The Census Bureau strives to provide products for the geographic areas that are most useful to users of those data. For example, ACS data products are already disseminated for many of the nations legal and administrative entities, including states, American Indian and Alaska Native (AIAN) areas, counties, minor civil divisions (MCDs), incorporated places, congressional districts, as well as data for a variety of other geographic entities. In cooperation with state and local agencies, the Census Bureau identifies and delineates geographic entities referred to as "statistical areas." These include regions, divisions, urban areas (UAs), census county divisions (CCDs), census designated places (CDPs), census tracts, and block groups. Data users then can select the geographic entity or set of entities that most closely represent their geographic areas of interest and needs.
"Geographic summary level"is a term used by the Census Bureau to designate the different geographic levels or types of geographic areas for which data are summarized. Examples include the entities described above, such as states, counties, and places (the Census Bureau's term for entities such as for cities and towns, including unincorporated areas). Information on the types of geographic areas for which the Census Bureau publishes data is available at .
Single-year period estimates of ACS data are published annually for recognized legal, administrative, or statistical areas with populations of 65,000 or more (based on the latest Census Bureau population estimates). Three-year period estimates based on 3 successive years of ACS samples are published for areas of 20,000 or more. If a geographic area met the 1-year or 3-year threshold for a previous period but dropped below it for the current period, it will continue to be published as long as the population does not drop more than 5 percent below the threshold. Plans are to publish 5-year period estimates based on 5 successive years of ACS samples starting in 2010 with the 2005−2009 data. Multiyear period estimates based on 5 successive years of ACS samples will be published for all legal, administrative, and statistical areas down to the block-group level, regardless of population size. However, there are rules from the Census Bureau's DRB that must be applied.

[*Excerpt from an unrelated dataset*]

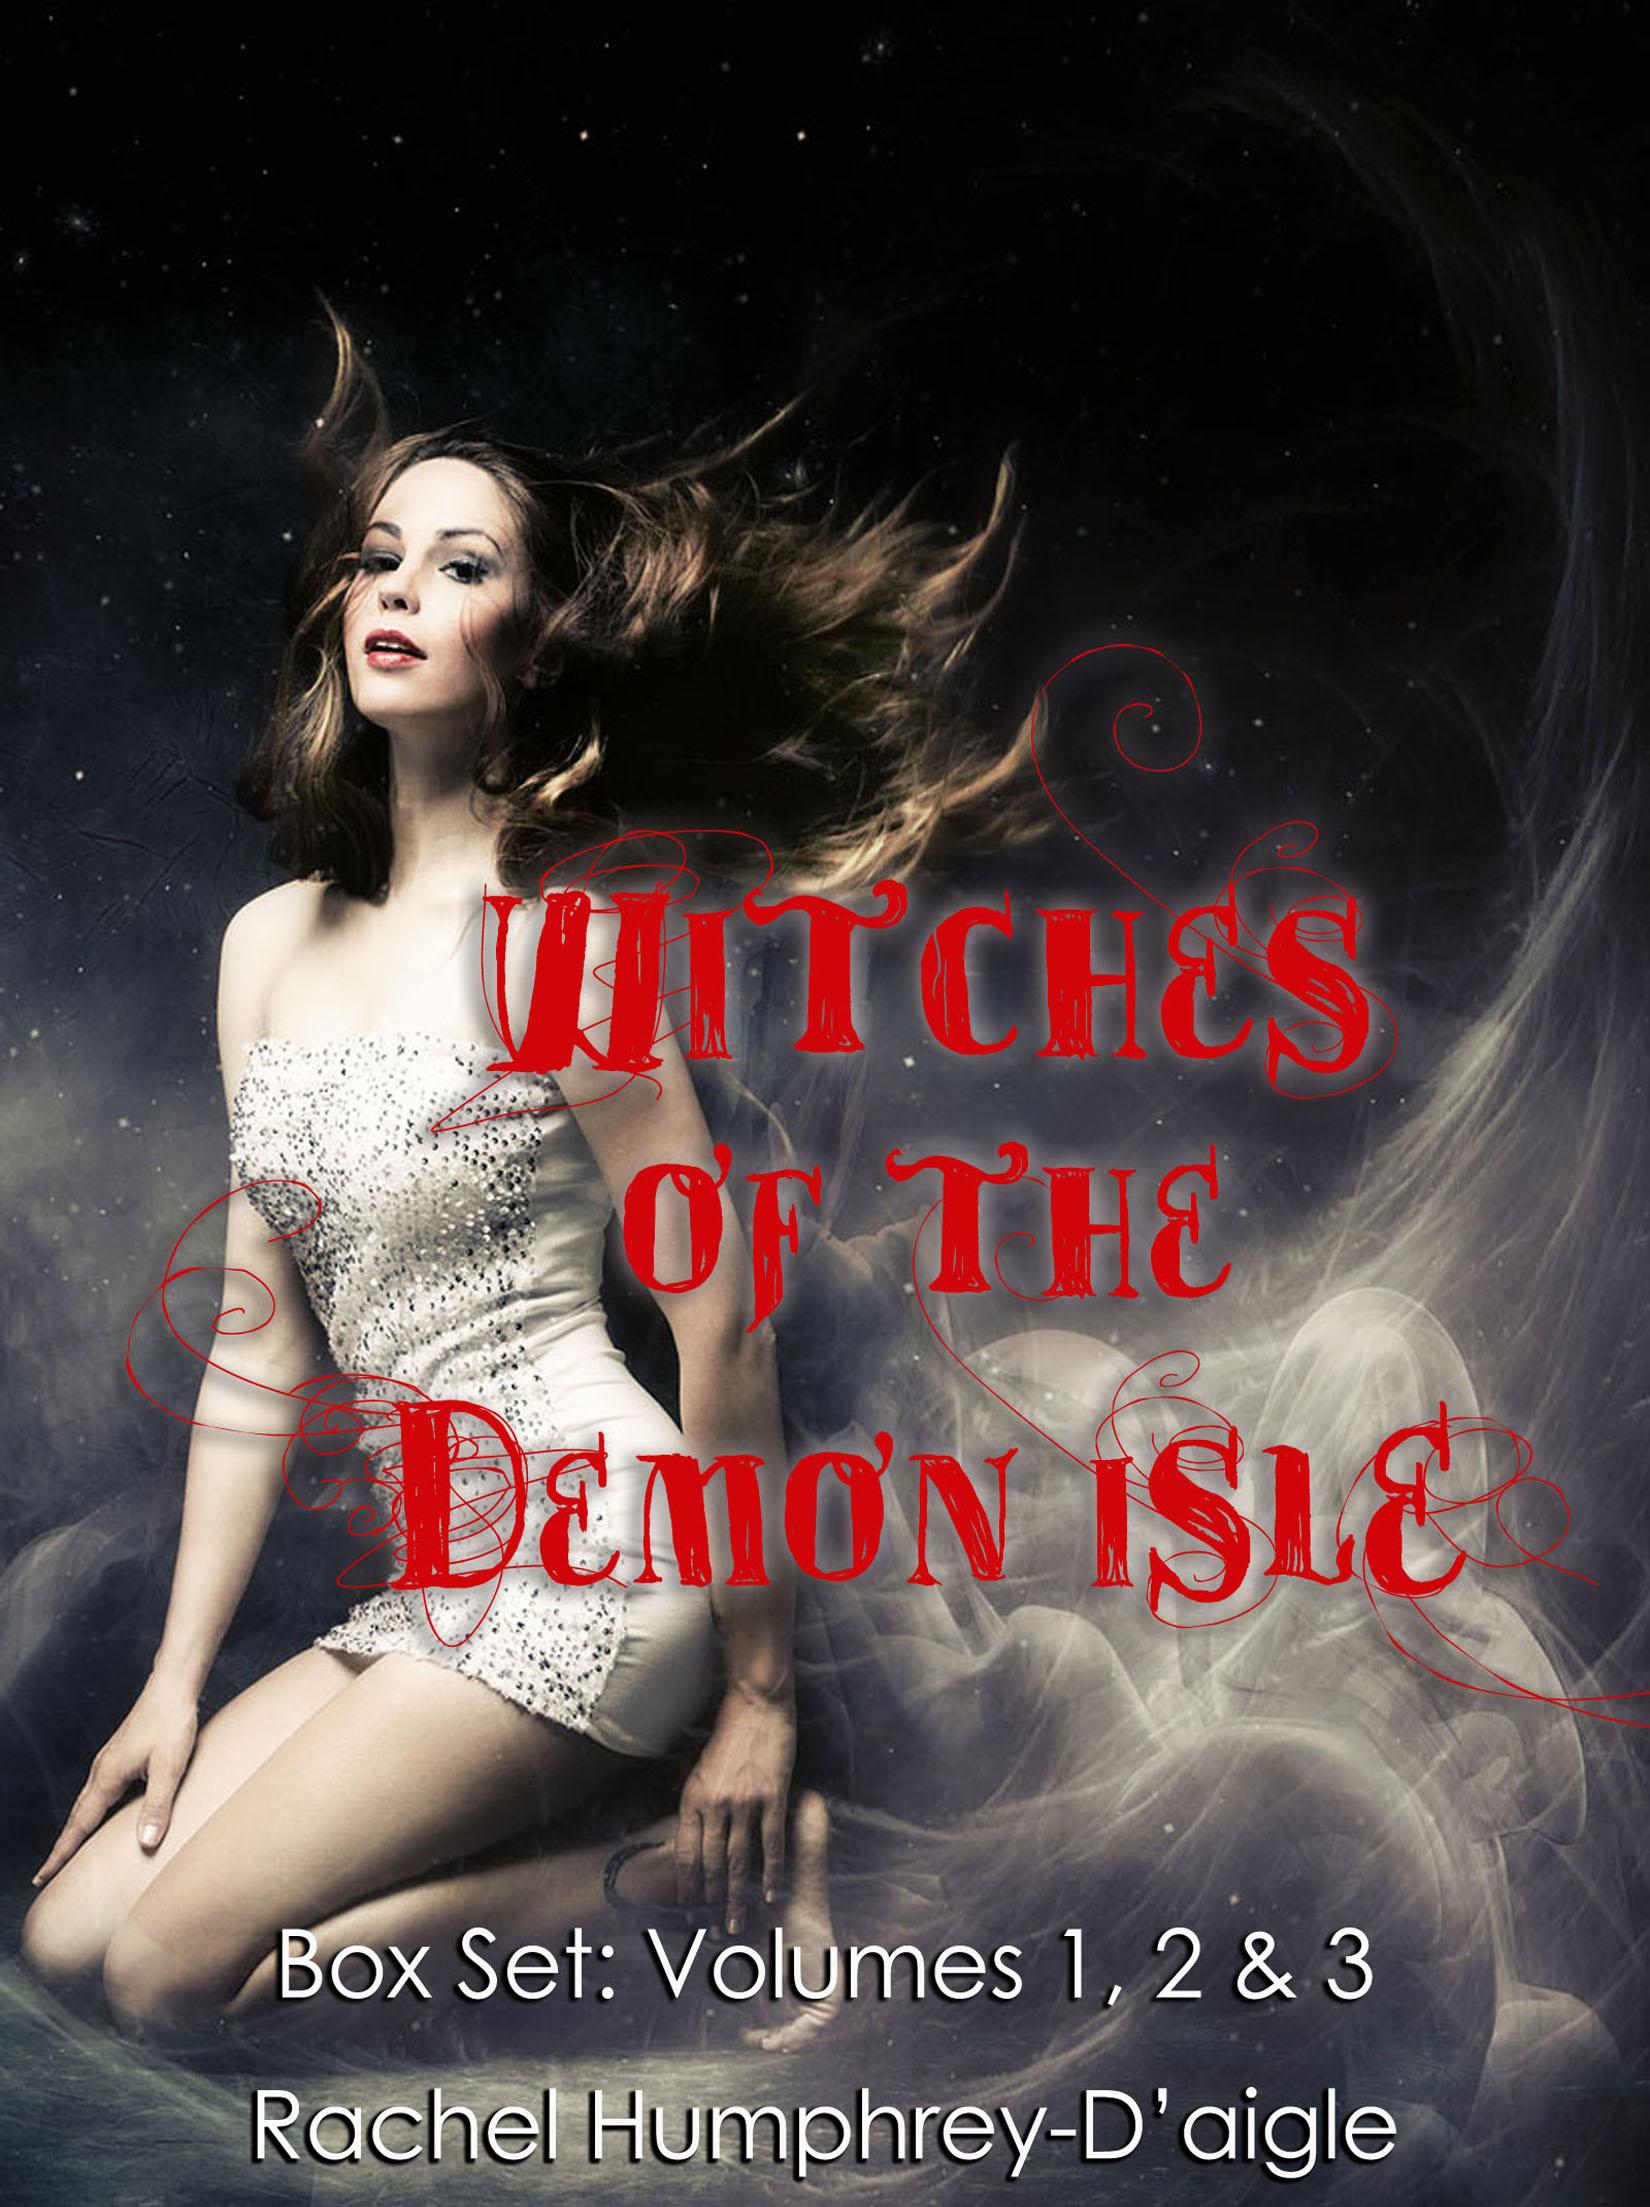 Rachel Humphrey Daigle - Witches of The Demon Isle Box Set, Volumes 1, 2 & 3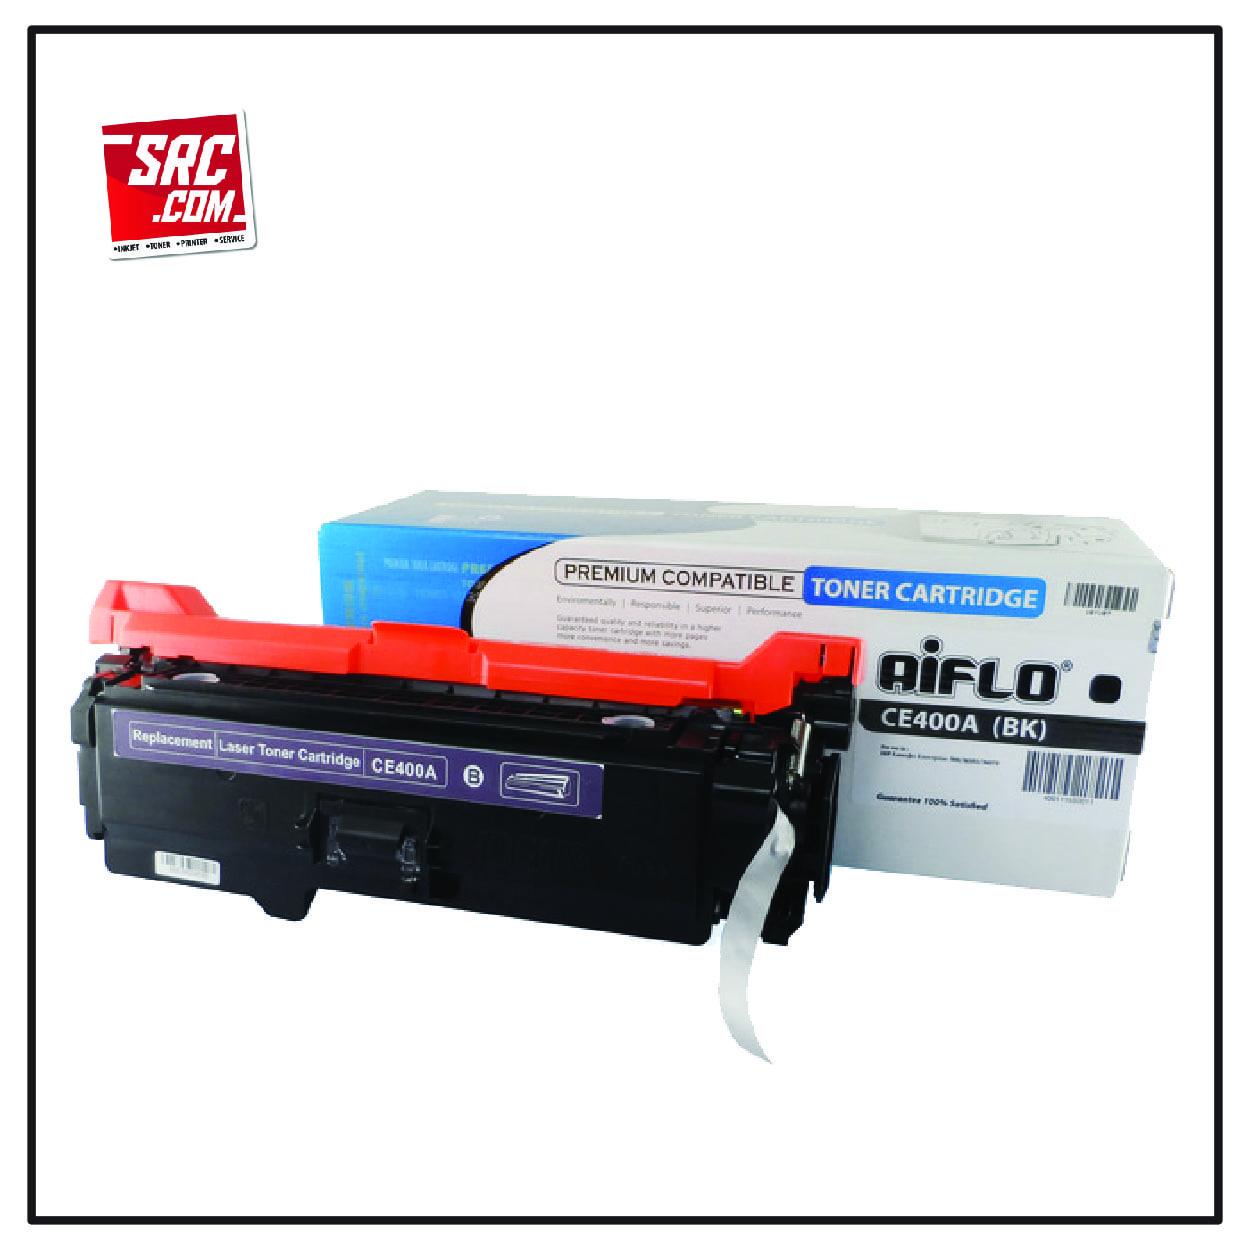 Jual Toner Hp 507a Black Ce400a Compatible Cartridge Aiflo Plug In 810 Smart Printer Inkjet Ip2770mp237

The Puerto Rico Community Survey (PRCS) also provides estimates for legal, administrative, and statistical areas in Puerto Rico. The same rules as described above for the 1-year, 3-year, and 5-year period estimates for the U.S resident population apply for the PRCS as well. The ACS publishes annual estimates for hundreds of substate areas, many of which will undergo boundary changes due to annexations, detachments, or mergers with other areas.1 Each year, the Census Bureau's Geography Division, working with state and local governments, updates its files to reflect these boundary changes. Minor corrections to the location of boundaries also can occur as a result of the Census Bureau's ongoing Master Address File (MAF)/Topologically Integrated Geographic Encoding and Referencing (TIGER®) Enhancement Project. The ACS estimates must reflect these legal boundary changes, so all estimates are based on Geography Division files that show the geographic boundaries as they existed on January 1 of the sample year or, in the case of multiyear data products, at the beginning of the final year of data collection.
Footnote: 1The Census Bureau conducts the Boundary and Annexation Survey (BAS) each year. This survey collects information on a voluntary basis from local governments and federally recognized American Indian areas. The information collected includes the correct legal place names, type of government, legal actions that resulted in boundary changes, and up-to-date boundary information. The BAS uses a fixed reference date of January 1 of the BAS year. In years ending in 8, 9, and 0, all incorporated places, all minor civil divisions, and all federally recognized tribal governments are included in the survey. In other years, only governments at or above various population thresholds are contacted. More detailed information on the BAS can be found at .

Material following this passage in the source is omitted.